▶ **Task requirements**
Copy out the full listing exactly, omitting any picture it contains.

▶ **Dataset excerpt**
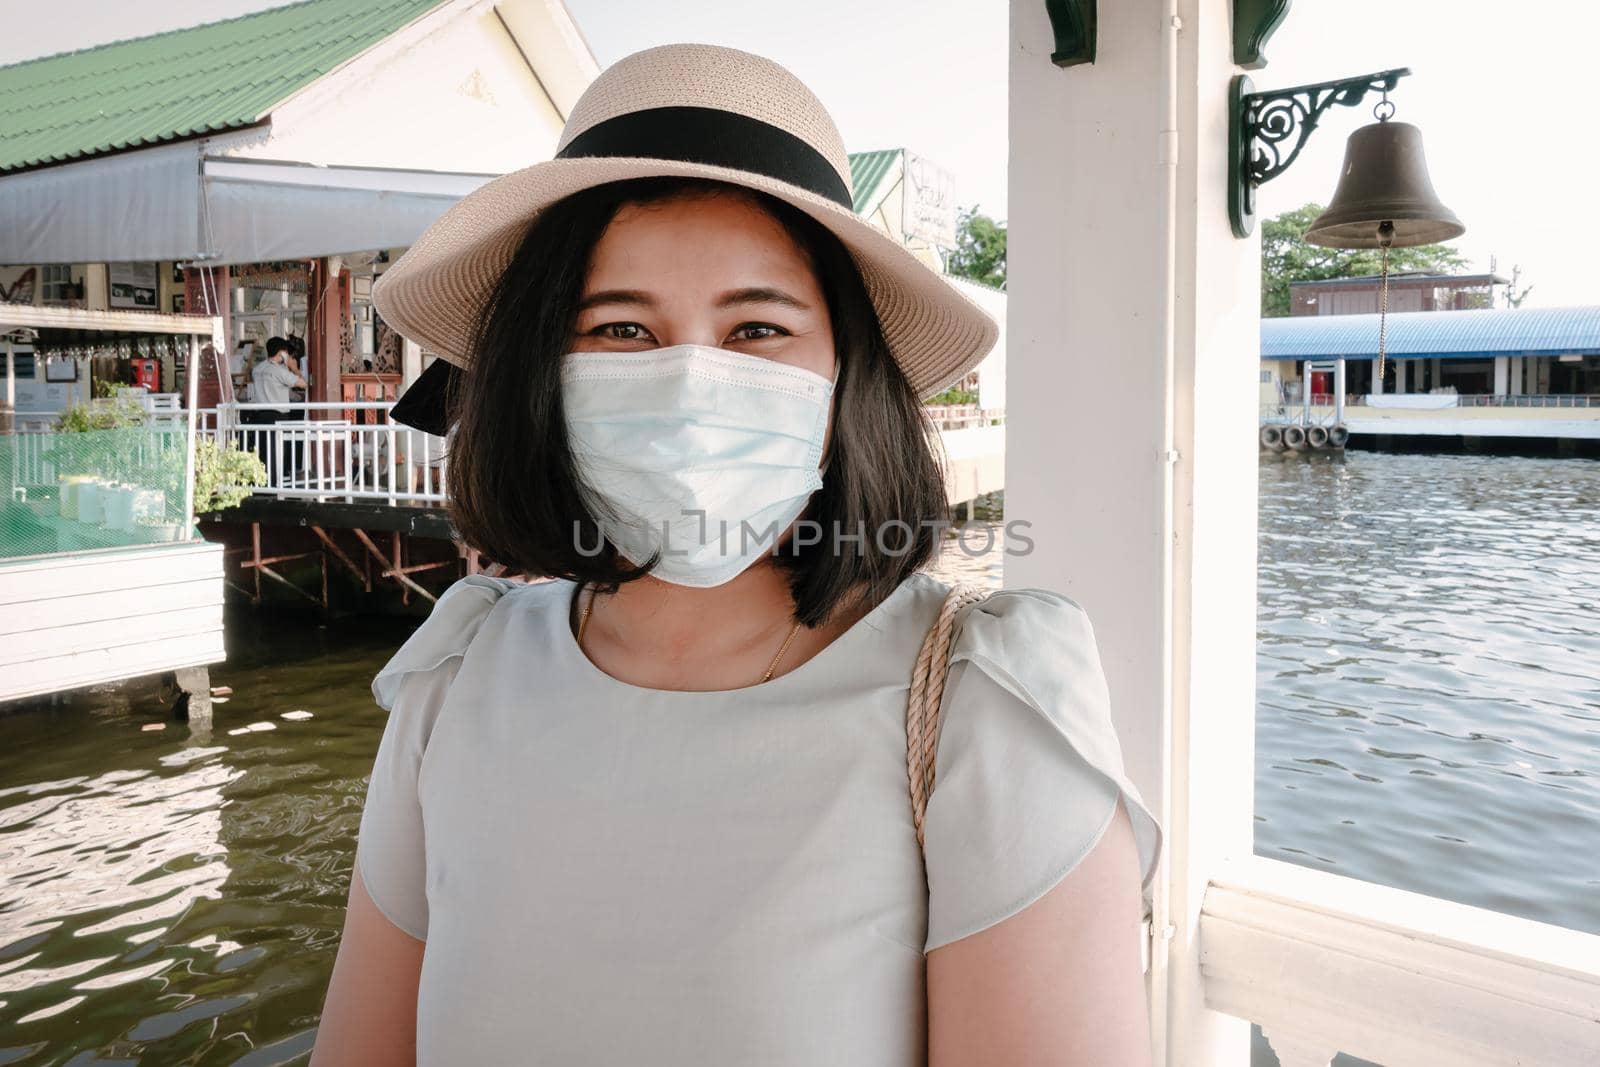 Smile Tourist Woman Having Fun While Sightseeing Bangkok Cityscape beside The River, Portrait of Happy Smiling Tourist Woman in Wearing Face Mask During New Normal Covid-19 Situation. Travel Concept by MahaHeang245789
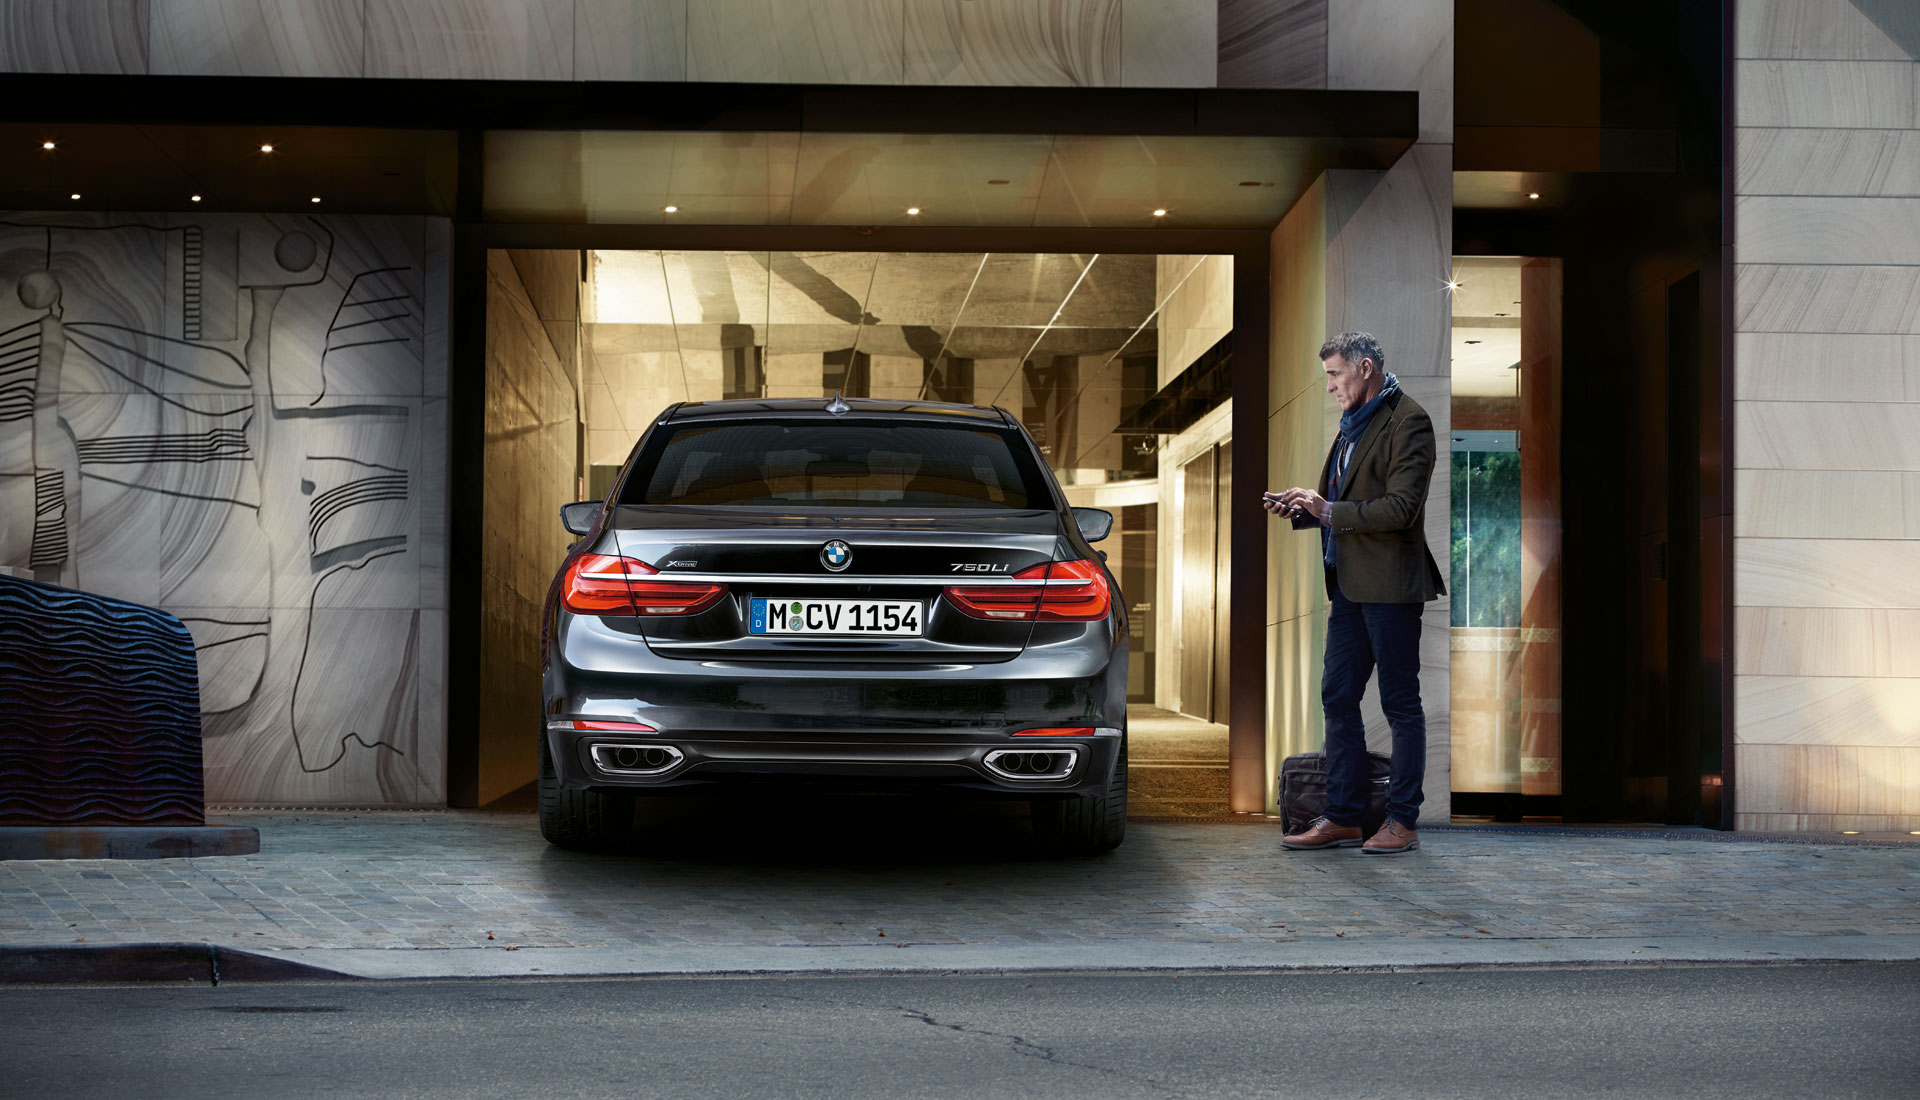 The new BMW 7 series
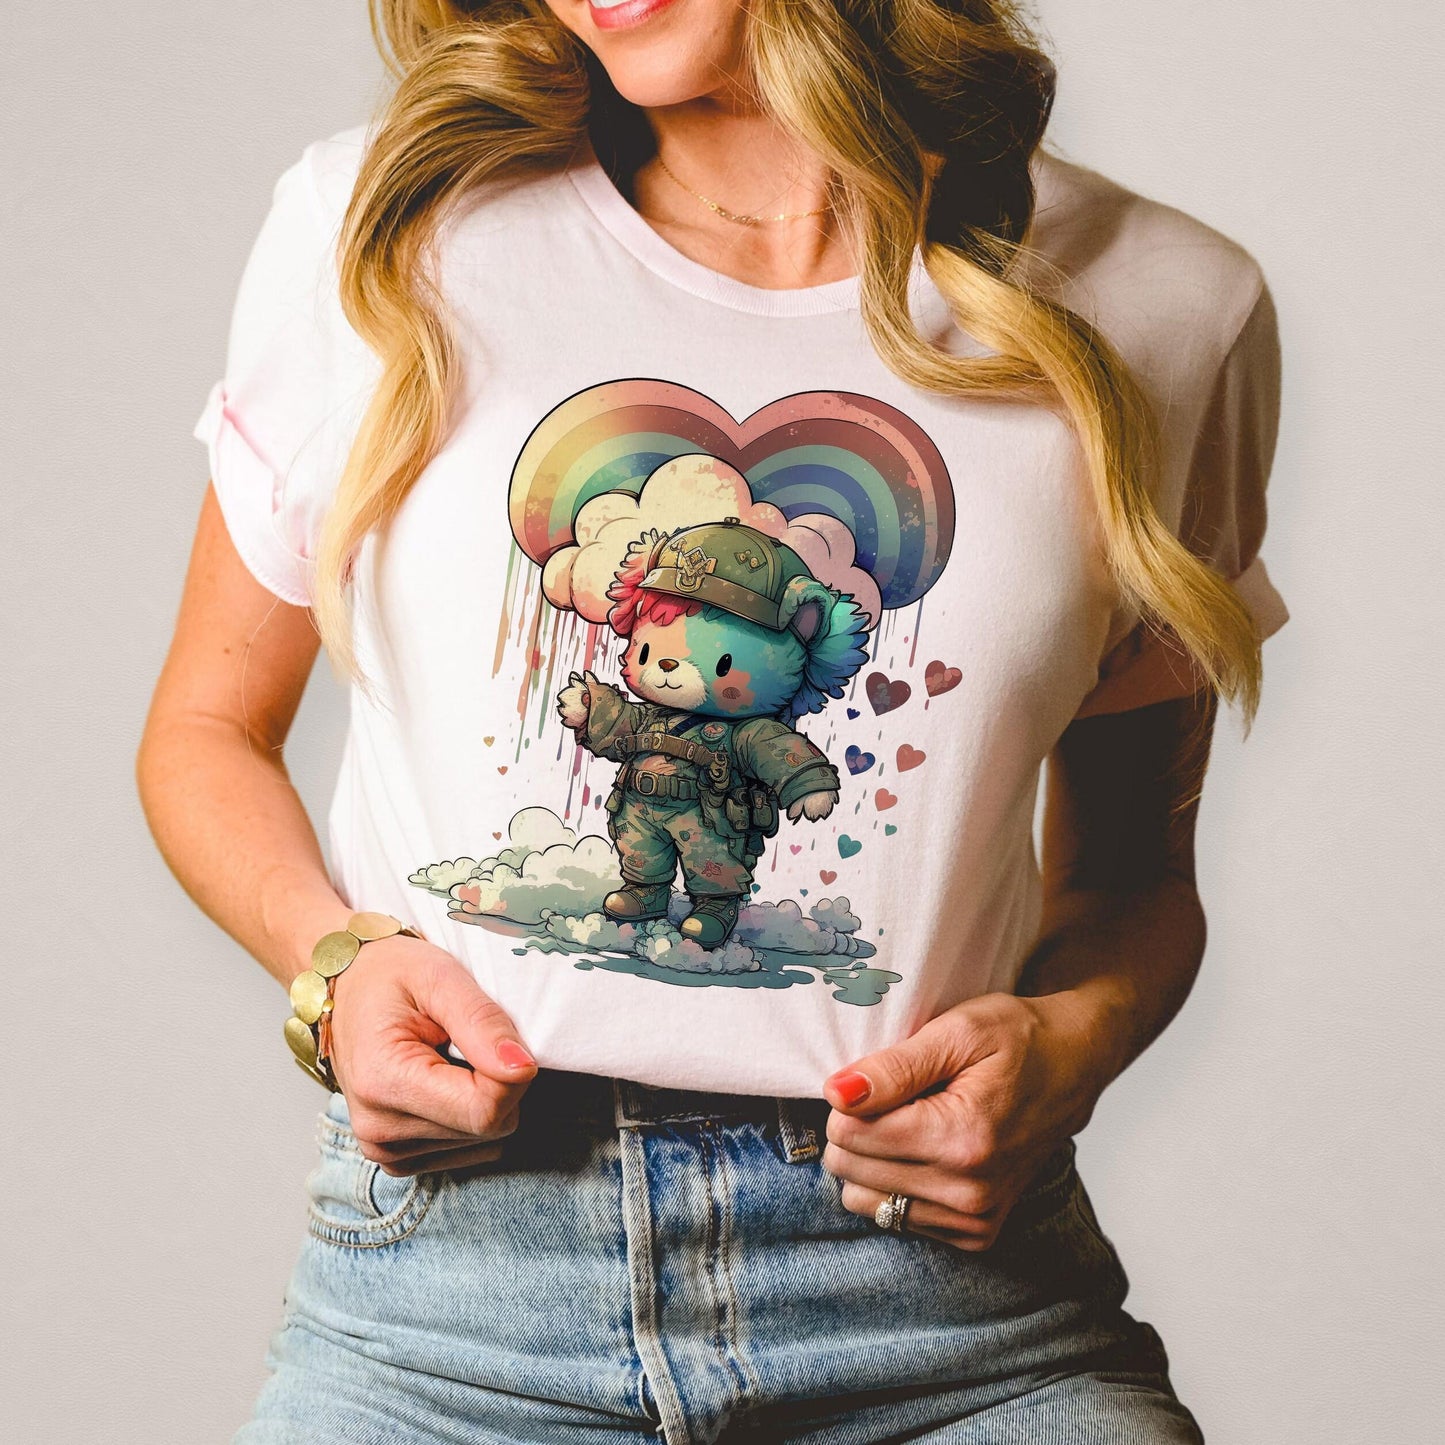 Illustrated Bears that Care 80s 1980s Army Brat Nostalgia Parody AI Generated Graphic Tee Unisex Soft Tee T-shirt for Women or Men
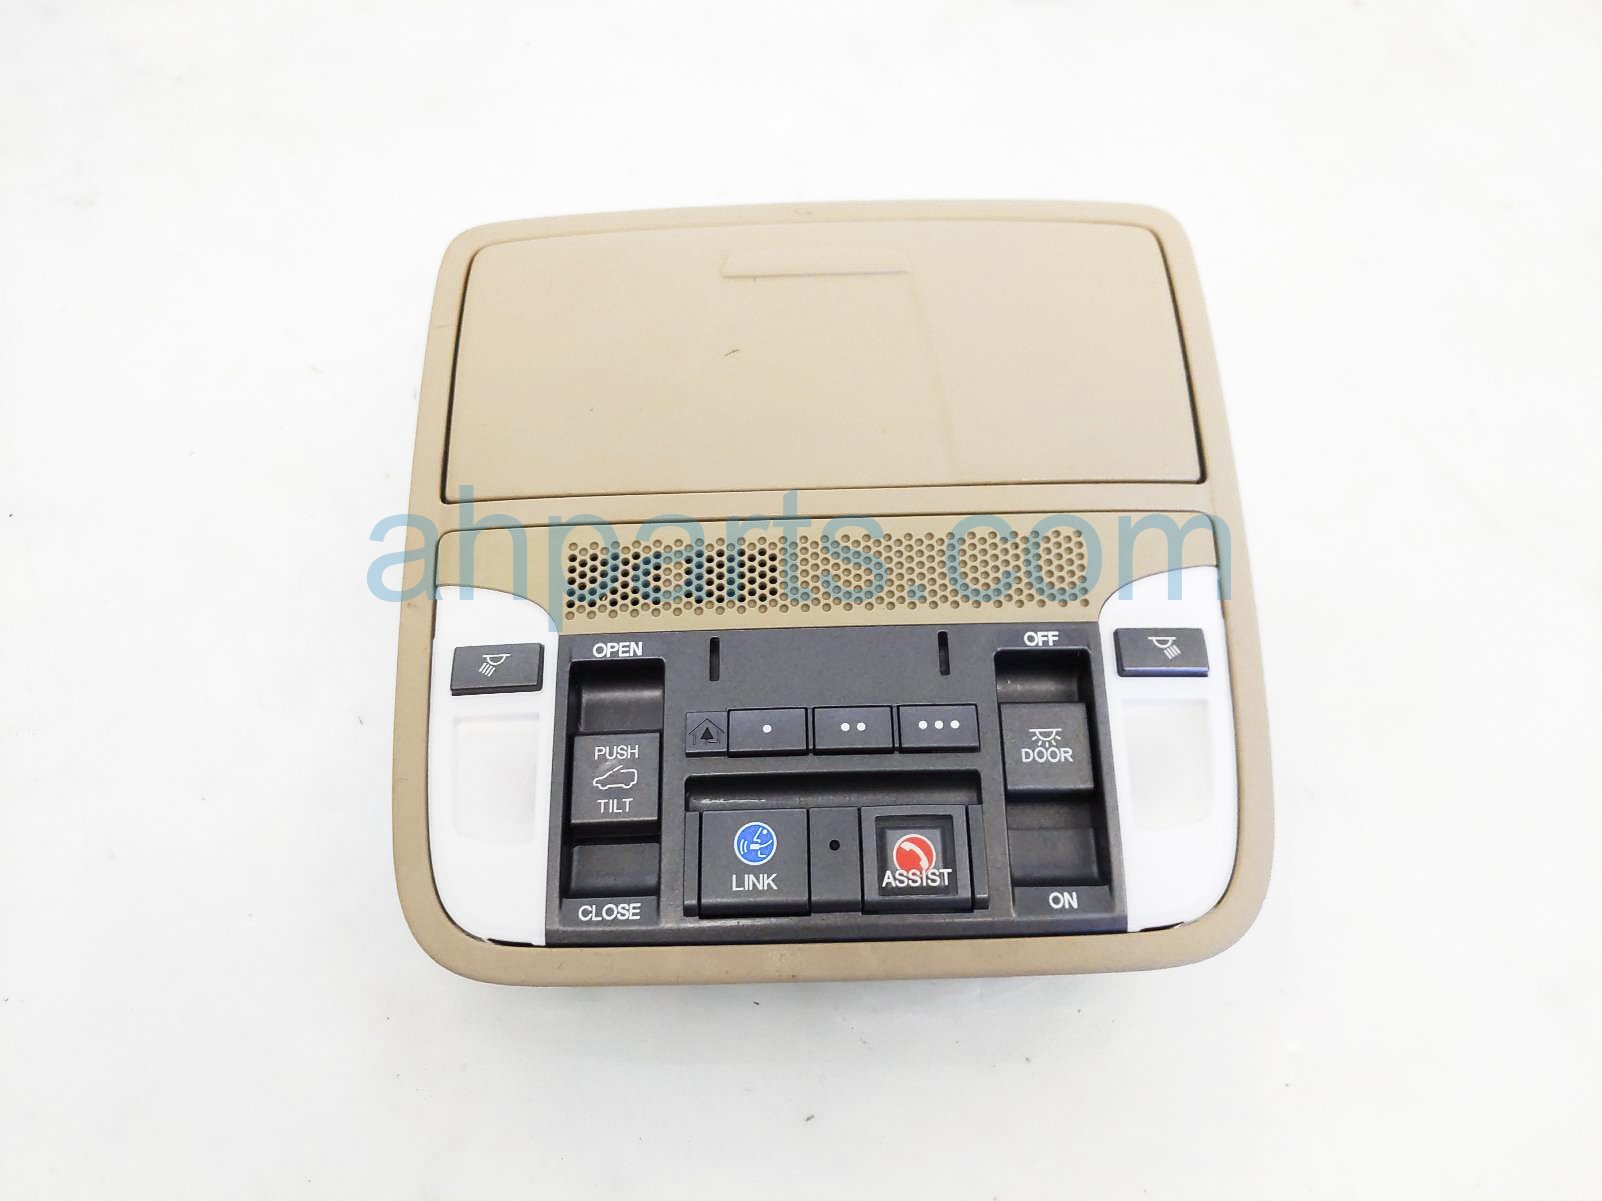 $50 Acura MAP LIGHT / ROOF CONSOLE - TAN

▶ **Reply**
 Smile Tourist Woman Having Fun While Sightseeing Bangkok Cityscape beside The River, Portrait of Happy Smiling Tourist Woman in Wearing Face Mask During New Normal Covid-19 Situation. Travel Concept by MahaHeang245789
 The new BMW 7 series
 Illustrated Bears that Care 80s 1980s Army Brat Nostalgia Parody AI Generated Graphic Tee Unisex Soft Tee T-shirt for Women or Men
 $50 Acura MAP LIGHT / ROOF CONSOLE - TAN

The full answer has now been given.